Prevent copies is a bit strong because the compiler will often do this for you.
You have to have access to the copy constructor but the compiler will often not use it:
Will print only "ctor" in release and "ctorcopy" in debug. (MVS2005)
您可以将非常量右值绑定到常量引用左值,但您将其绑定到常量指针左值。
不,优化器在调用
takePointer()之前无法破坏getValue()的结果。You are allowed to bind a non-const rvalue to a const reference lvalue, but you're binding it to a const pointer lvalue.
And no, the optimzier can't destruct the result of
getValue()before callingtakePointer().是的,它是安全的,尽管目前的形式是非法的。您可以通过使用显式中间转换为 const 引用类型来解决该错误
,只要临时对象处于活动状态(直到完整表达式的求值结束),它就完全合法。
此外,您甚至可以放弃常量并通过指针修改临时对象(请记住,它将在完整表达式结束时被销毁)。只要临时对象本身不是常量,这是完全合法的。使用逗号运算符,您可以“拉伸”完整表达式,从而编写相当广泛的操作序列来处理“长期存在”的临时对象,
但这种做法相当有问题,而且大多数时候没有意义在这样做的过程中。
Yes, it is safe, albeit illegal in the current form. You can work around the error by using an explicit intermediate cast to const-reference type
This makes it perfectly legal as long as the temporary object is alive, which is till the end of evaluation of the full expression.

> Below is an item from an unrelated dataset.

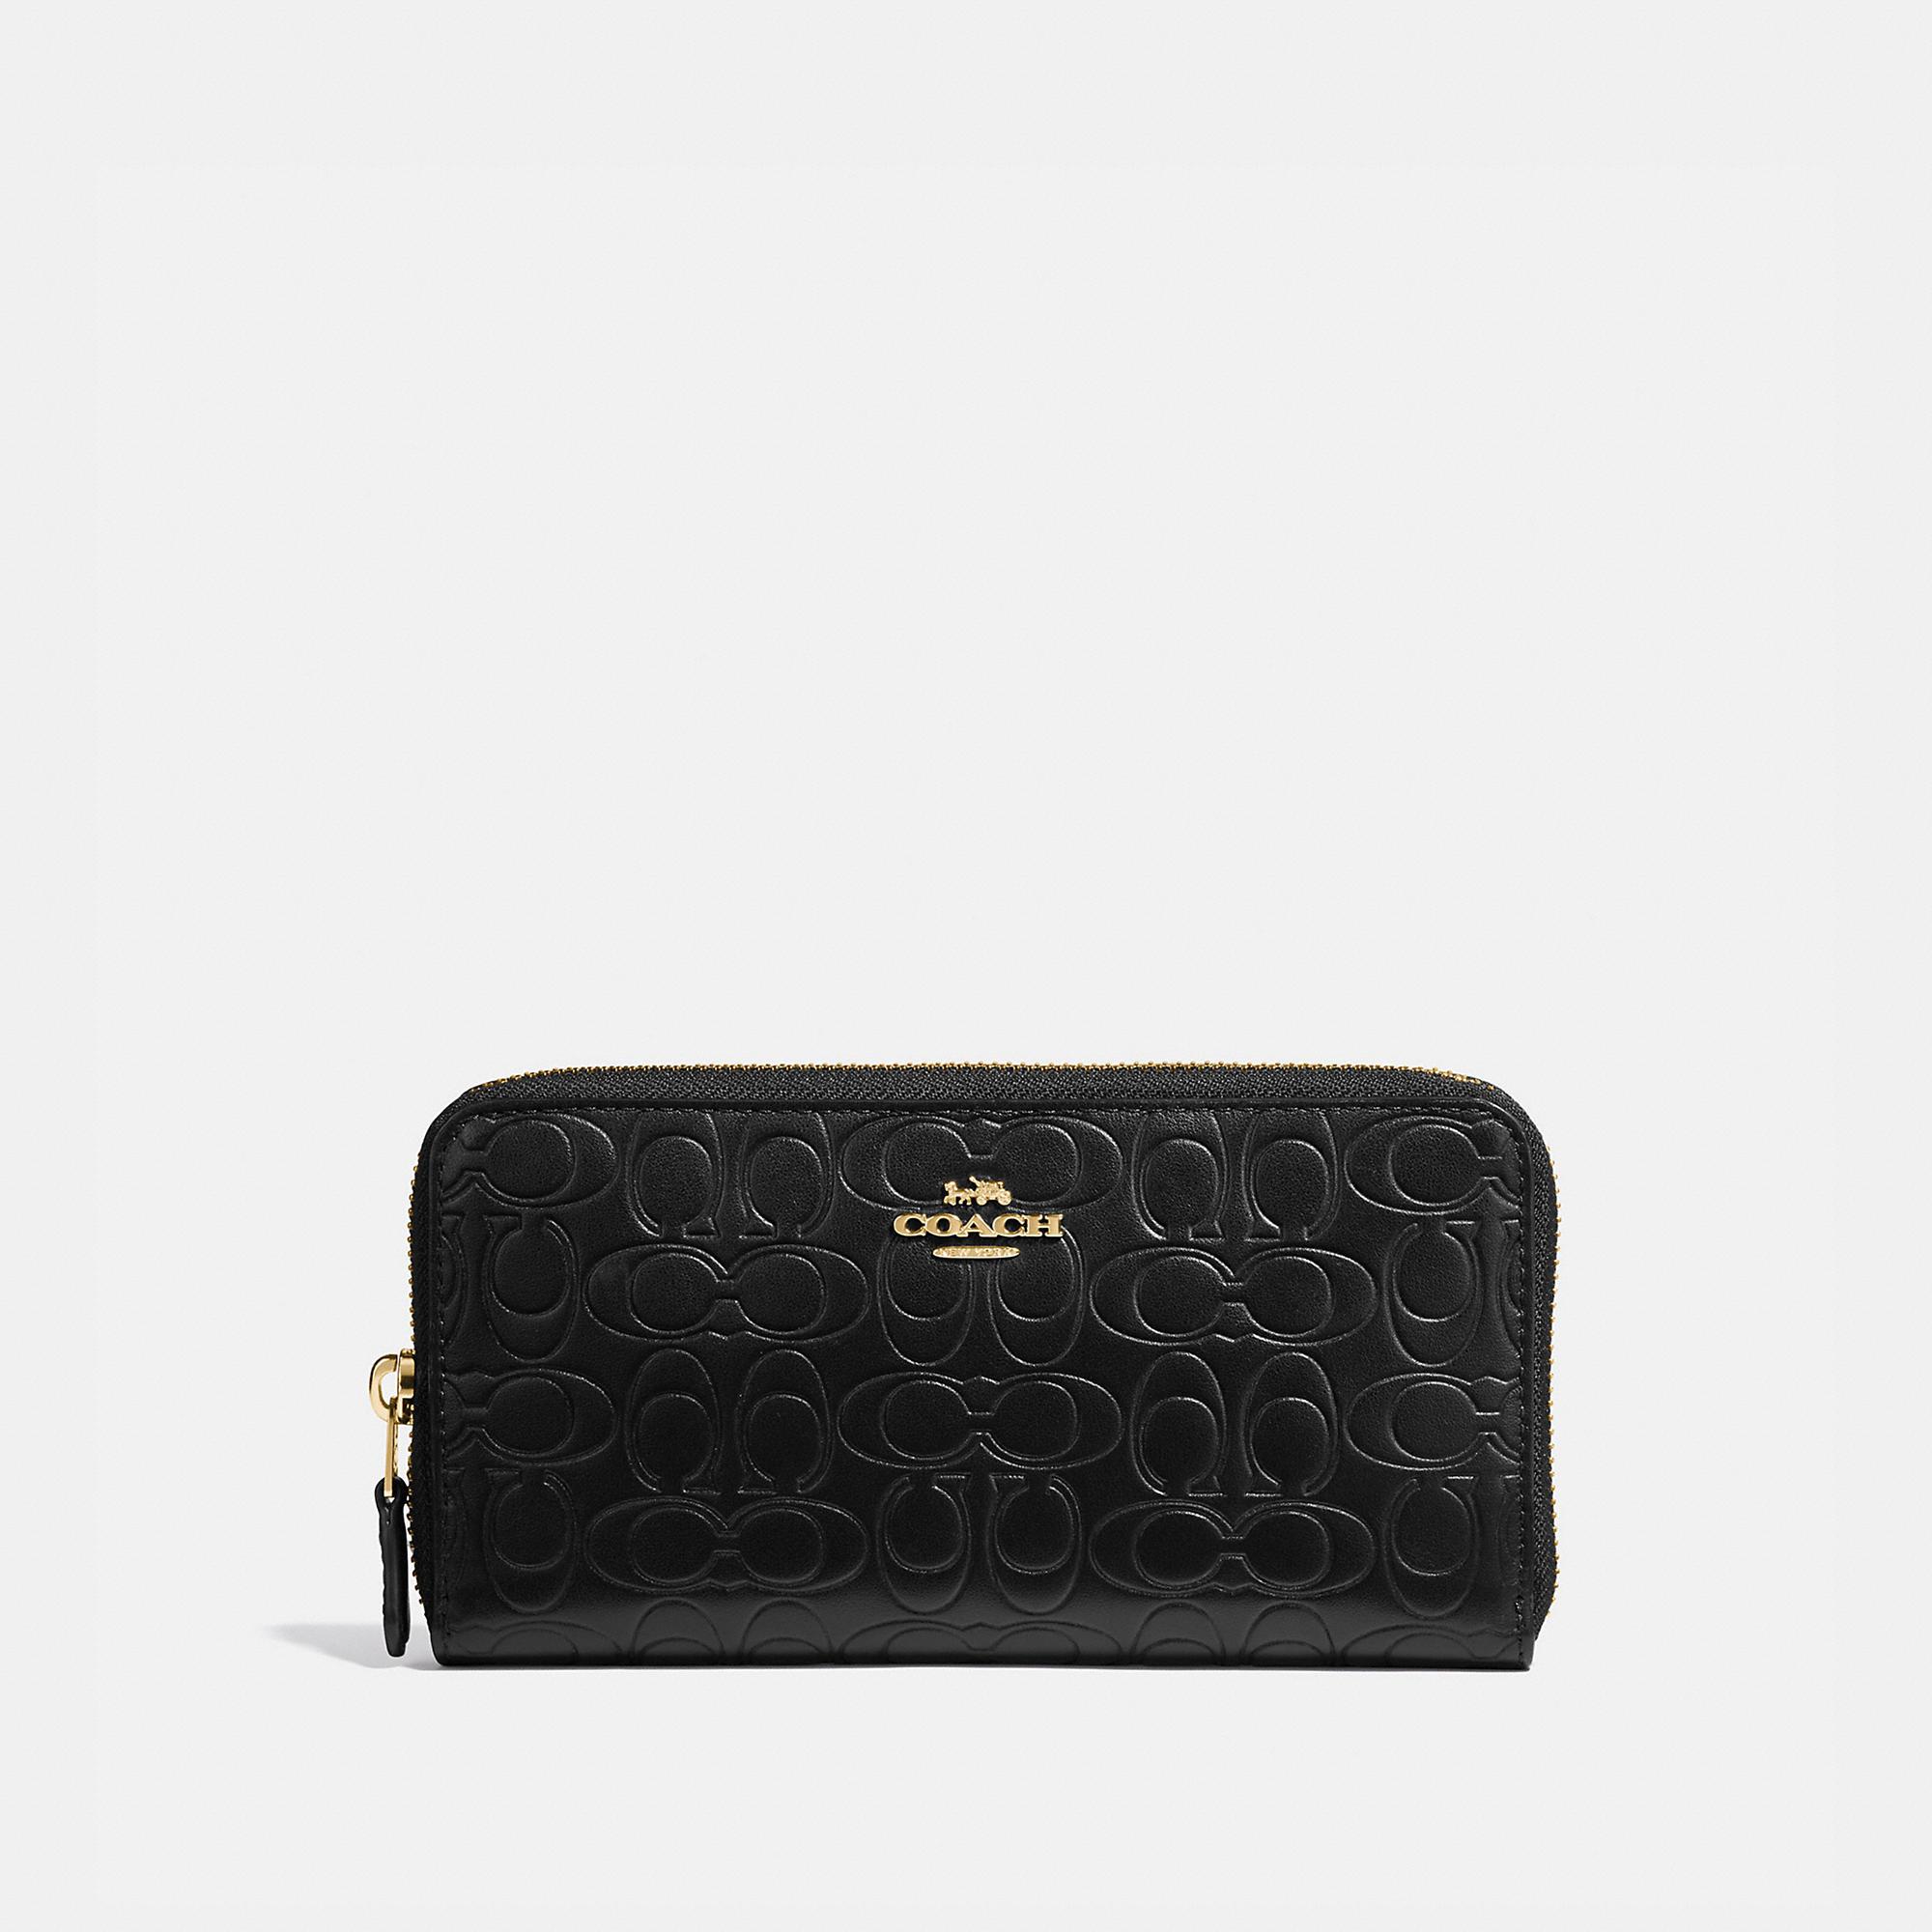 COACH Accordion Zip Wallet In Signature Leather in Black | Lyst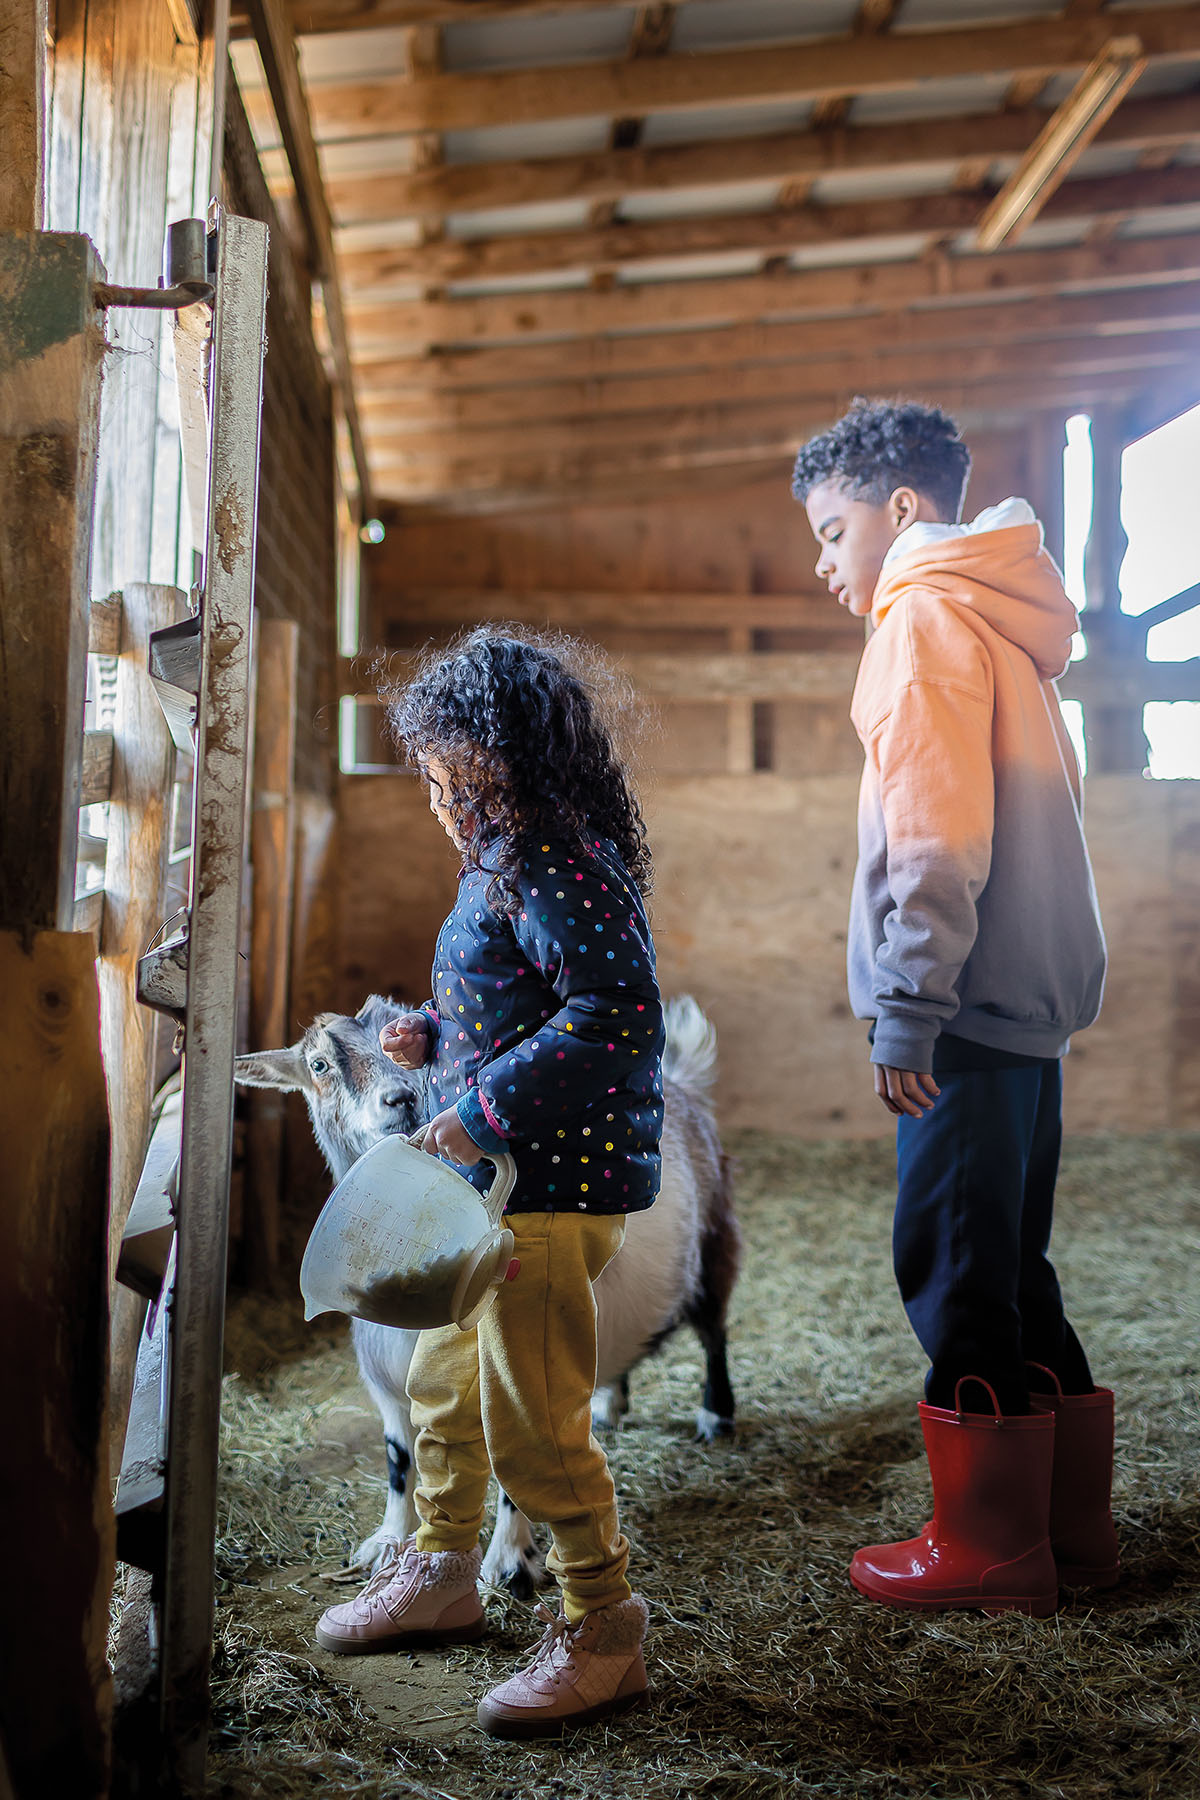 Two children feed a small white and gray goat in a barn

Moreover, you can even cast away the constness and modify the temporary object through the pointer (keeping in mind that it will be destroyed at the end of full expression). This is perfectly legal as long as the temporary object itself is not constant.Using a comma operator, you can "stretch" full expressions, and thus write quite extensive sequences of operations that work with a "long-lived" temporary object
The practice is rather questionable though and most of the time there's no point in doing this.